For Peter Drew, posters are an integral part of his work. The artist, activist, filmmaker and writer cares about his posters as they embody a kind of an artistic energy and his artistic voice is as personal in method as in substance. For years now, Drew has been carrying different posters all around Australian cities and pasting them. It his way of putting up an idea and making it live on.
One might ask how. Drew’s method is simple. In 2016 when he took up the independent mission of sticking thousands of posters of Monga Khan, a hawker who lived in Australia 100 years ago, he wanted to make Khan a folk hero. The posters of Khan all over Australia was Drew’s way of reminding people of the amazingly diverse lives and stories that make up Australia’s history.
“I want to turn Monga Khan into a folk hero so that mythology becomes a vehicle for history. People sort of fall in love with mythology, it’s a fun thing and then they want to find out all the facts.
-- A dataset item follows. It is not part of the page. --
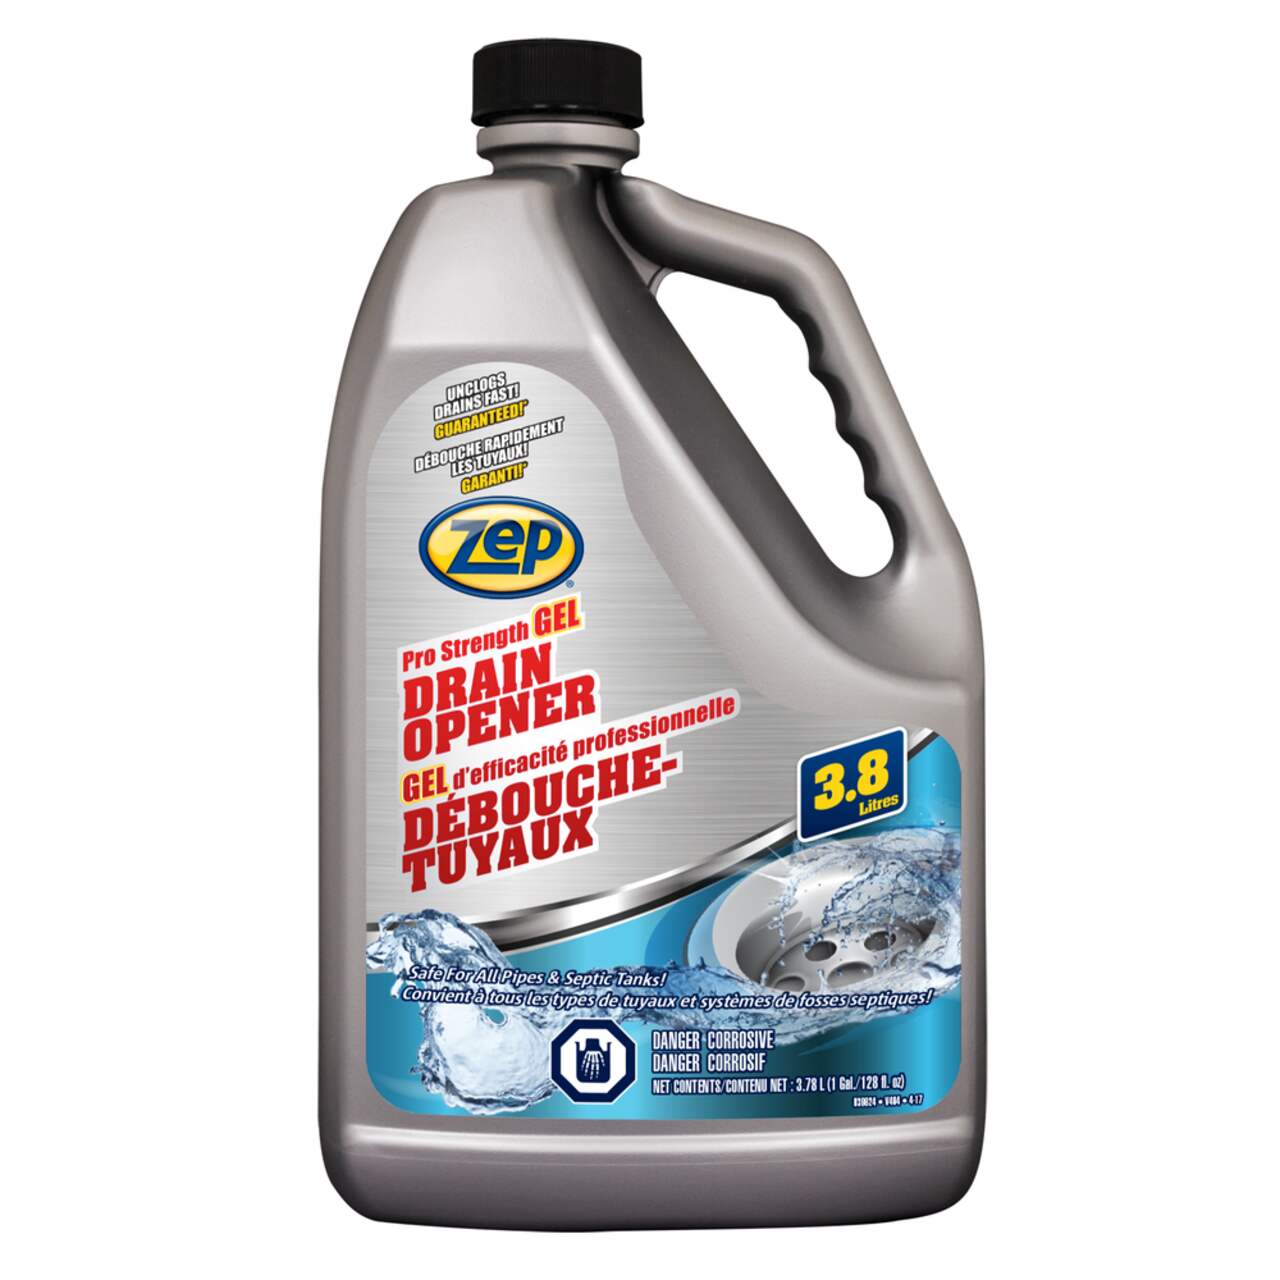 https://media-www.canadiantire.ca/product/living/cleaning/household-cleaning-solutions/0532849/zep-commercial-professional-strength-drain-opener-gallon-021e0006-59d0-4b66-b66f-0fc2de040fba.png?imdensity=1&imwidth=640&impolicy=mZoom

You need your Robin Hoods, Waltzing Matildas and Ned Kelly but we have to get the rest of it across too,” he told me in 2016.
It is, he says, all about provocation and allowing us to open up the discussion and talking about identity in a fluid way.
So, Drew uses public spaces as he finds them “a great equaliser, and an ancient forum. When you address the public through the street, you’re entering into a tradition that emphasises our fundamental freedom of expression, over the value of property”.
Drew’s posters are archival images from the National Archives of Australia, that are a stark contrast to the face of “the stereotypical Anglo, sun-bronzed Australian”.
It was around 2015-16 that he started exploring with the theme of identity. Thus began his multiple poster campaigns, including “Real Australians Say Welcome” and the portrait of Monga Khan titled “AUSSIE”—both of which have become ubiquitous in Australian cities.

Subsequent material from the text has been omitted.